Turkey and Egypt held the second round of their political consultations in Ankara on Tuesday.
Turkish Deputy Foreign Minister Sedat Önal and his Egyptian counterpart Hamdi Sanad Loza led their respective delegations, said a Turkish Foreign Ministry statement.
Noting that bilateral matters were addressed during the first day of talks, the statement said, the delegations are expected to exchange views on regional matters on the second day of talks on Wednesday.
"The parties aim to advance and normalize relations on the basis of mutual benefit," it added.
Earlier this year, Turkey said it had resumed diplomatic contact with Egypt and wanted to improve cooperation after years of tensions that began with the disruption of relations in 2013.
In May, a delegation of senior Turkish officials traveled to Egypt for an official visit – the first since 2013 – to discuss normalizing diplomatic relations amid efforts by the two countries to improve bilateral ties that deteriorated following the Arab Spring.
On May 5, a Turkish delegation headed by Deputy Foreign Minister Önal visited Cairo at Egypt's invitation. At the end of the visit, the two countries issued a joint statement describing the exploratory round of bilateral talks between them as "frank and in-depth."
Egypt and Turkey have not shared ambassadors since 2013, when relations worsened following the ousting of Egyptian President Mohamed Morsi by military chief Abdel Fattah al-Sisi, now the country’s president.
Turkey-Egypt ties have continued at the level of charge d'affairs since 2013. During this period, brief meetings were held between the foreign ministers of the two countries on various occasions.
Meanwhile, the Turkish Embassy in Cairo and consulate in Alexandria, as well as the Egyptian Embassy in Ankara and consulate in Istanbul, have continued their usual activities.
Foreign Minister Mevlüt Çavuşoğlu said his country was taking “positive steps" to improve relations as Turkish and Egyptian officials were holding a second round of talks in Ankara.
“Our friends at the ministry are meeting (Egyptian officials),” he said in an interview with Turkish broadcaster NTV. “If we decide together after the meetings, we will take the necessary mutual steps to appoint an ambassador.”
“There is no lasting friendship or enmity in international relations,” said Çavuşoğlu.
The minister held out the possibility of striking a maritime deal with Egypt in the Eastern Mediterranean, similar to the one struck with the Tripoli government in late 2019. That deal led to renewed tensions between Turkey and neighboring Greece and Greek Cyprus over energy exploration in the region.
"They (Egypt) will make more gains if they make an agreement with us," he said.
Çavuşoğlu proposed a summit of Eastern Mediterranean nations to reconcile disputes.

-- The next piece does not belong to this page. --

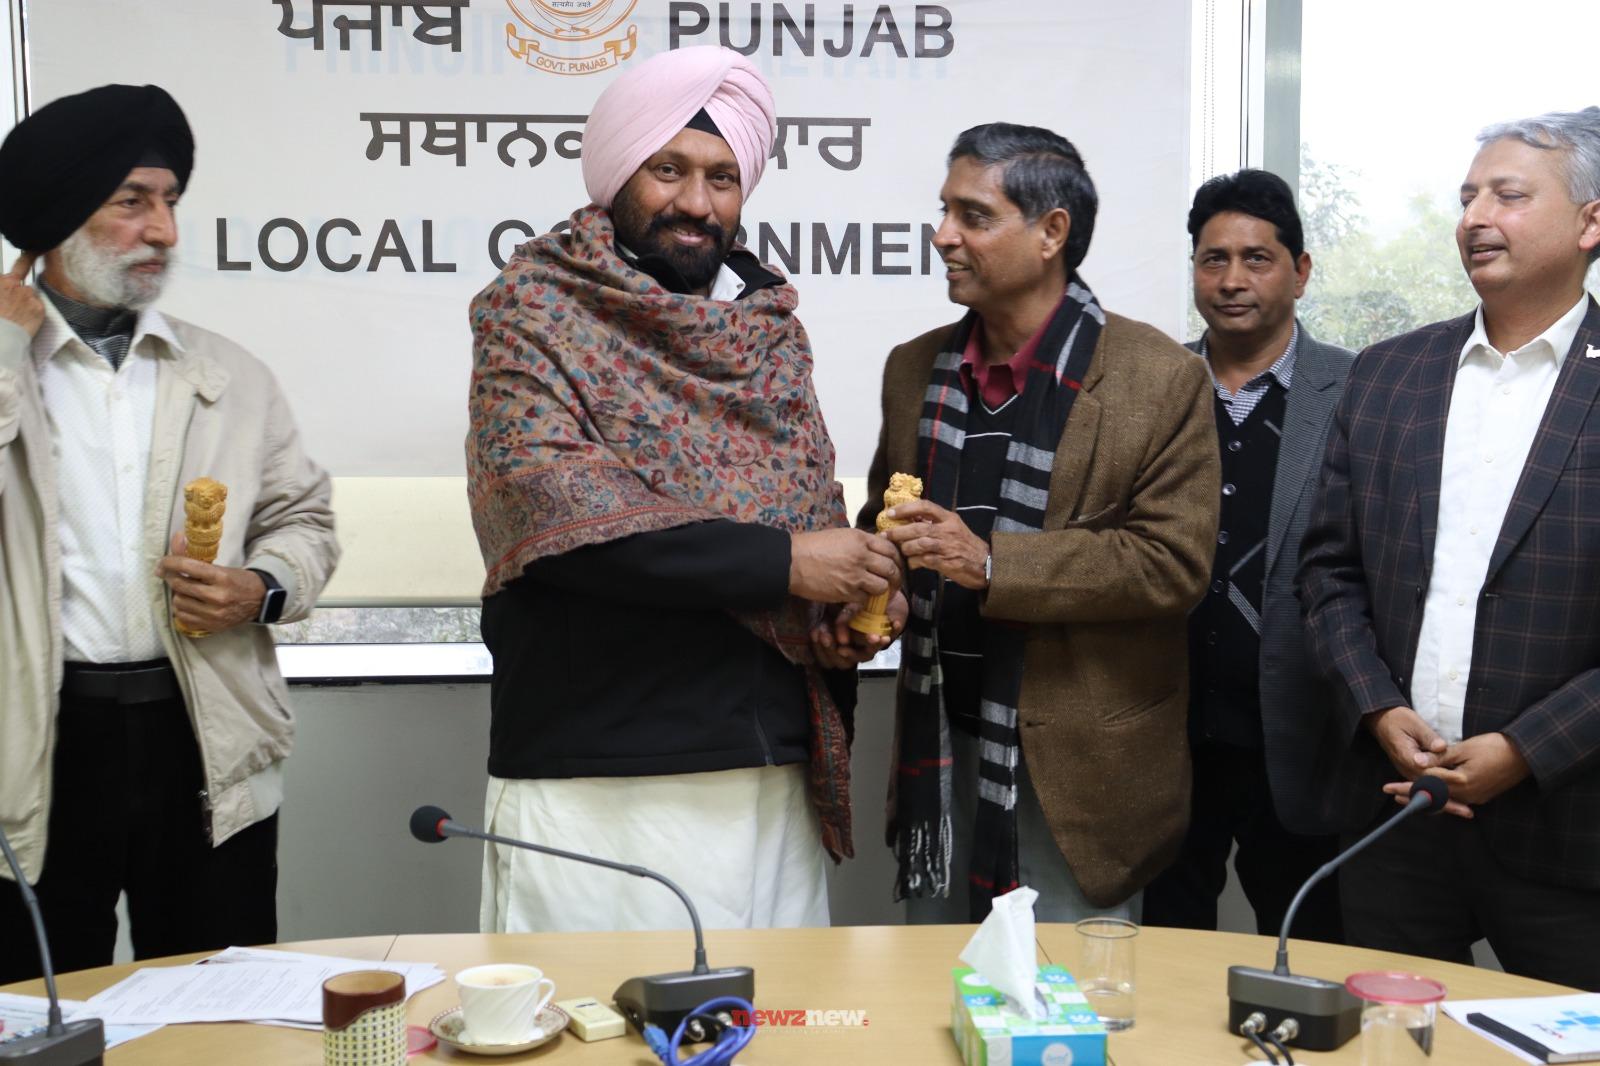 Local Government Minister Balkar Singh Honors Winners of City Beauty Competition

Turkey has been at loggerheads with Egypt, the UAE and Saudi Arabia over a number of issues, most recently the conflict in Libya, where Ankara backed the U.N.-recognized administration in Tripoli while its Arab rivals supported an opposing faction led by putschist Gen. Khalia Haftar.
Experts say that several developments including the change of administration in the United States, natural gas reserves in the Eastern Mediterranean as well as new alliances in the Middle East, have caused increasing diplomacy between Ankara and Cairo.
Journalist Mustafa Özcan told Anadolu Agency (AA) that both countries put forth a will to restore relations and that relations are improving, albeit slowly.
Özcan underlined that Turkey is neighboring the Arab world and that Turkey and Egypt have common areas of interest in Libya, North Africa, Syria and Iraq.
On the other side, Egyptian journalist Saliha Allam said that Cairo and Ankara know the importance of improving relations.
“General interests and developments in the international arena are forcing both countries to postpone their disagreements and act together in some issues. Egypt needs Turkey in some regional issues just as Turkey needs Egypt in some files,” Allam said, adding that although both countries may not overcome disagreements regarding the Muslim Brotherhood, the issues of Libya and the Eastern Mediterranean have priority.
Muhammed Zevavi of Sakarya University said that new alliances in the region influence Ankara-Cairo ties and pointed to rifts between Saudi Arabia and the UAE.
Zevavi also said that both countries could make an agreement on maritime zones in the Eastern Mediterranean.
“This agreement would disturb Greece, the Greek Cypriot administration, Israel and France.”